Tras la Resurrección, cuando los demás discípulos habían visto al Señor resucitado y Tomás no se hallaba con ellos, san Juan relata:
«Tomás, uno de los Doce, llamado Dídimo, no estaba con ellos cuando vino Jesús. Los demás discípulos le decían: “¡Hemos visto al Señor!”. Pero él les respondió: “Si no veo en sus manos la señal de los clavos, y no meto mi dedo en el agujero de los clavos y mi mano en su costado, no lo creeré”».
Ocho días después, los discípulos estaban de nuevo en la casa, y Tomás con ellos.
«Vino Jesús, estando cerradas las puertas, se puso en medio y dijo: “La paz con vosotros”. Luego dijo a Tomás: “Trae aquí tu dedo, mira mis manos; extiende tu mano y métela en mi costado, y no seas incrédulo, sino creyente”.
Tomás respondió: “¡Señor mío y Dios mío!”.
Jesús le dijo: “¿Porque me has visto, has creído?

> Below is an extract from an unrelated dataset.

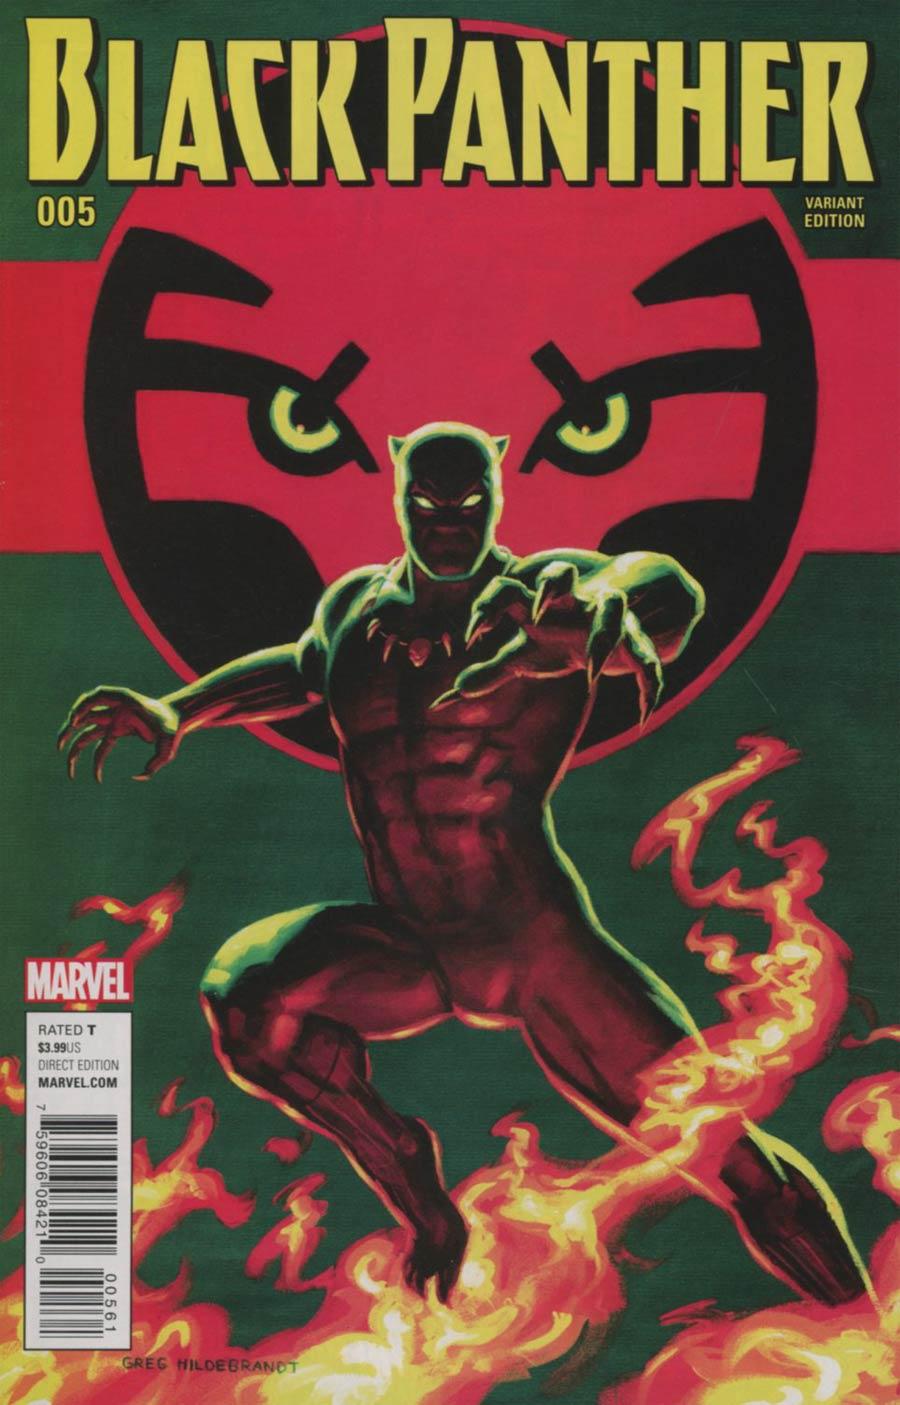 Black Panther Vol 6 #5 Cover G Incentive Greg Hildebrandt Classic Artist Variant Cover

Dichosos los que no han visto y han creído”» (Jn 20, 24-29).
Gracias precisamente a la necesidad de Tomás de ver y tocar para creer —un impulso casi “científico”, podríamos decir—, poseemos un testimonio especialmente tangible de la realidad de la Resurrección. Y, sin embargo, fue él el primero en proclamar abiertamente quién era verdaderamente el Resucitado, dirigiéndose a Jesús con las palabras:
«¡Señor mío y Dios mío!»
Según la tradición, Tomás llevó el Evangelio hasta el sur de la India, donde se le venera como fundador de la Iglesia local. Su sepulcro se encuentra hoy en la Basílica de Santo Tomás, en Chennai (India).
A él se le atribuye asimismo un evangelio apócrifo: el Evangelio de Tomás.